Our initial concept was to build a security gateway, a central point of contact that would handle the SAML flow and then pass requests inward. However, this would create a bottleneck and a single point of failure. A more distributed approach was needed. We settled on designing a dedicated, lightweight “SAML-to-Internal-Token” translation service. The flow would be as follows:

A human operator authenticates against the corporate IdP via a simple, protected web UI fronting our new token service.
The token service acts as a SAML SP, receives the SAML assertion, and validates it.
Upon successful validation, it extracts the user’s identity (e.g., email, group memberships) from the assertion.
It then mints a short-lived, internally-scoped JWT, embedding this identity information as claims.
This JWT is returned to the operator, who can then use it as a bearer token in the metadata of their gRPC client calls.
Every gRPC service in the mesh would be equipped with a standard interceptor to validate this internal JWT before processing any request.

This architecture decouples the complex, stateful SAML dance from the stateless, high-performance gRPC interactions.
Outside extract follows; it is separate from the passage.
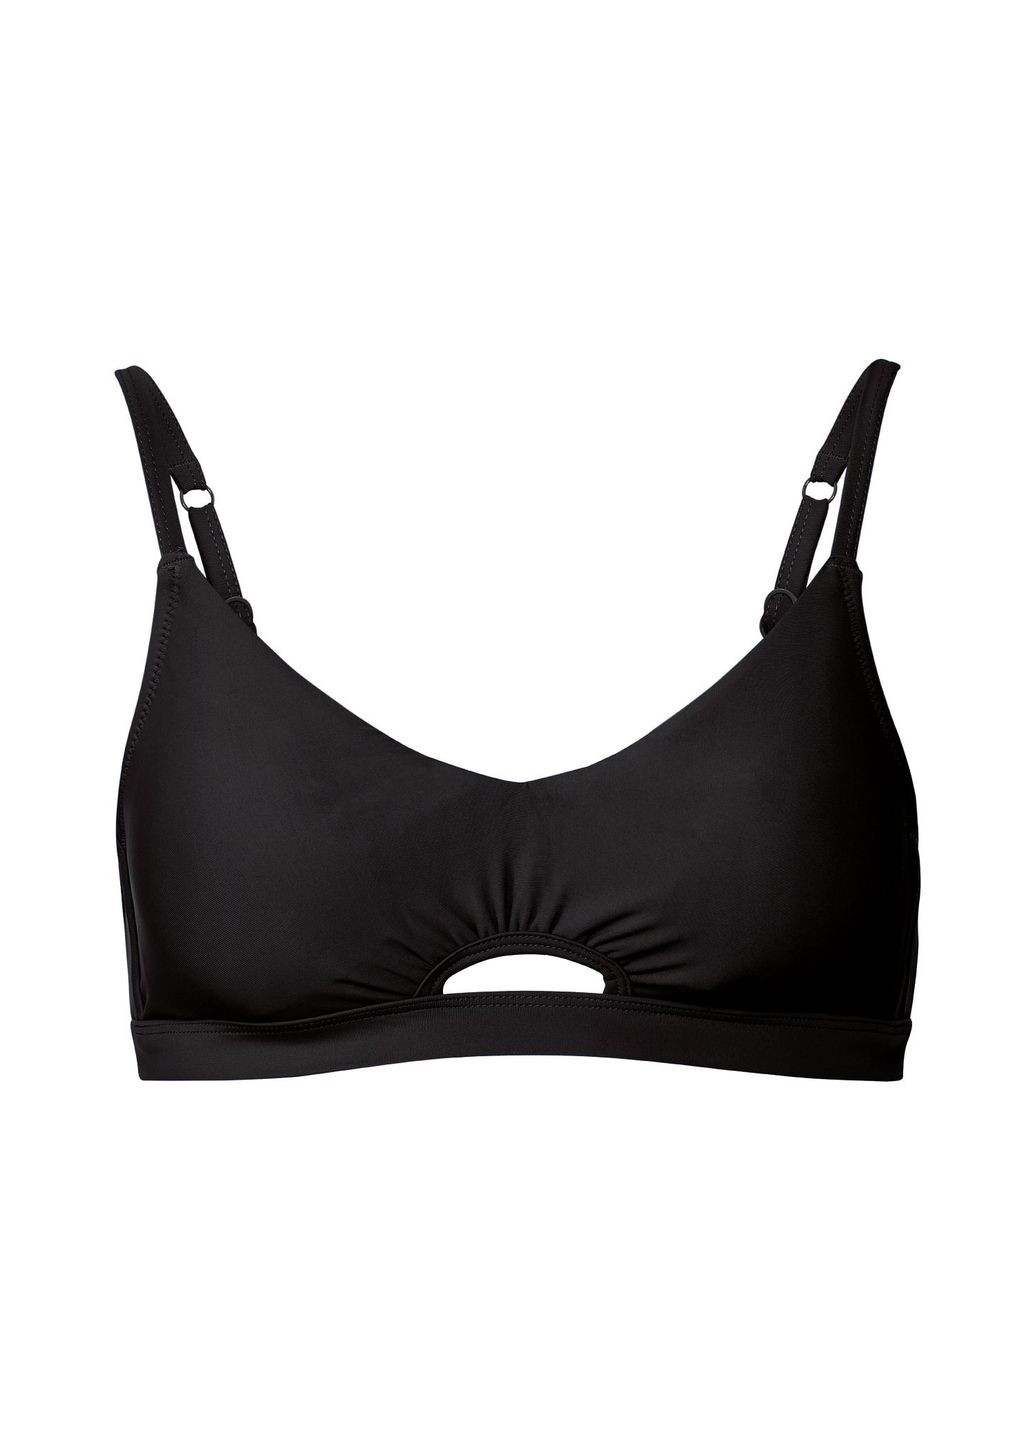 Черный купальник раздельный на завязках для женщины lycra® 325844 бикини Esmara С открытой спиной, С открытыми плечами
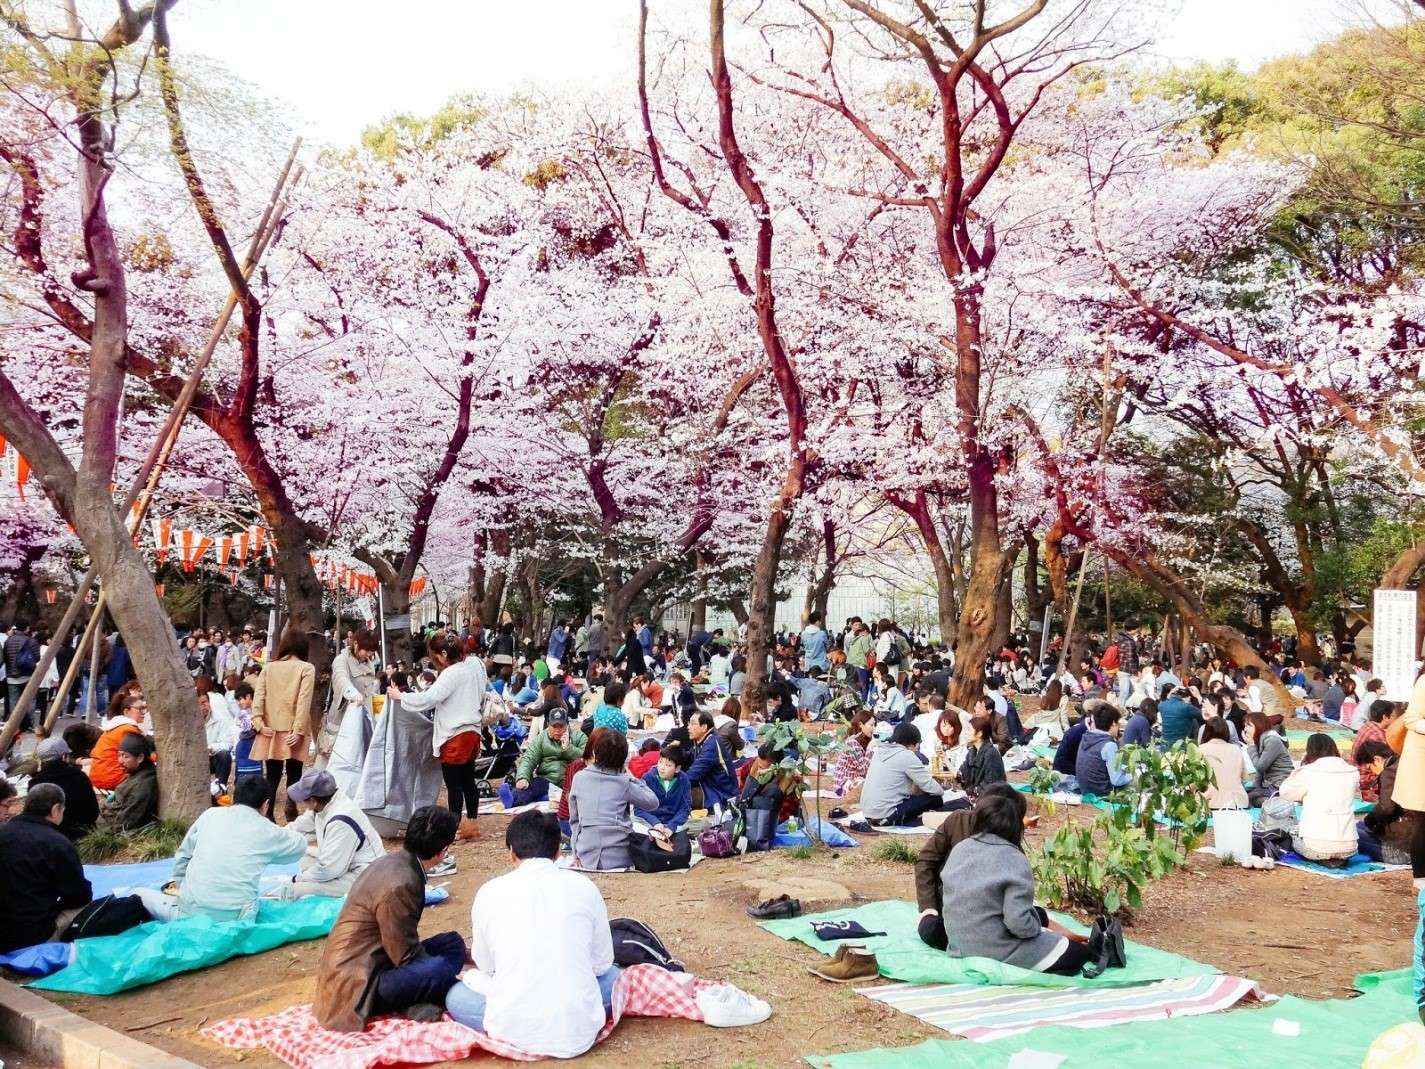 Du lịch Nhật Bản tháng 3 đón chào những lễ hội vui tưng bừng!

The SAML flow happens once, and the resulting lightweight token is used for a configurable period, drastically reducing the authentication overhead on the backend services.

The SAML Service Provider and Token Minting Service

The heart of the solution is the Go service that functions as both a SAML Service Provider and a JWT issuer. We chose the crewjam/saml library for its robustness in handling the intricacies of SAML XML processing and the golang-jwt/jwt/v4 library for token creation.

A critical part of any SAML integration is the metadata. Our SP service needs to expose its metadata for the corporate IdP to consume and must itself consume the IdP’s metadata to verify incoming assertions.

Here is the core configuration and initialization for the SAML SP component. This code would live within the main package of our token service.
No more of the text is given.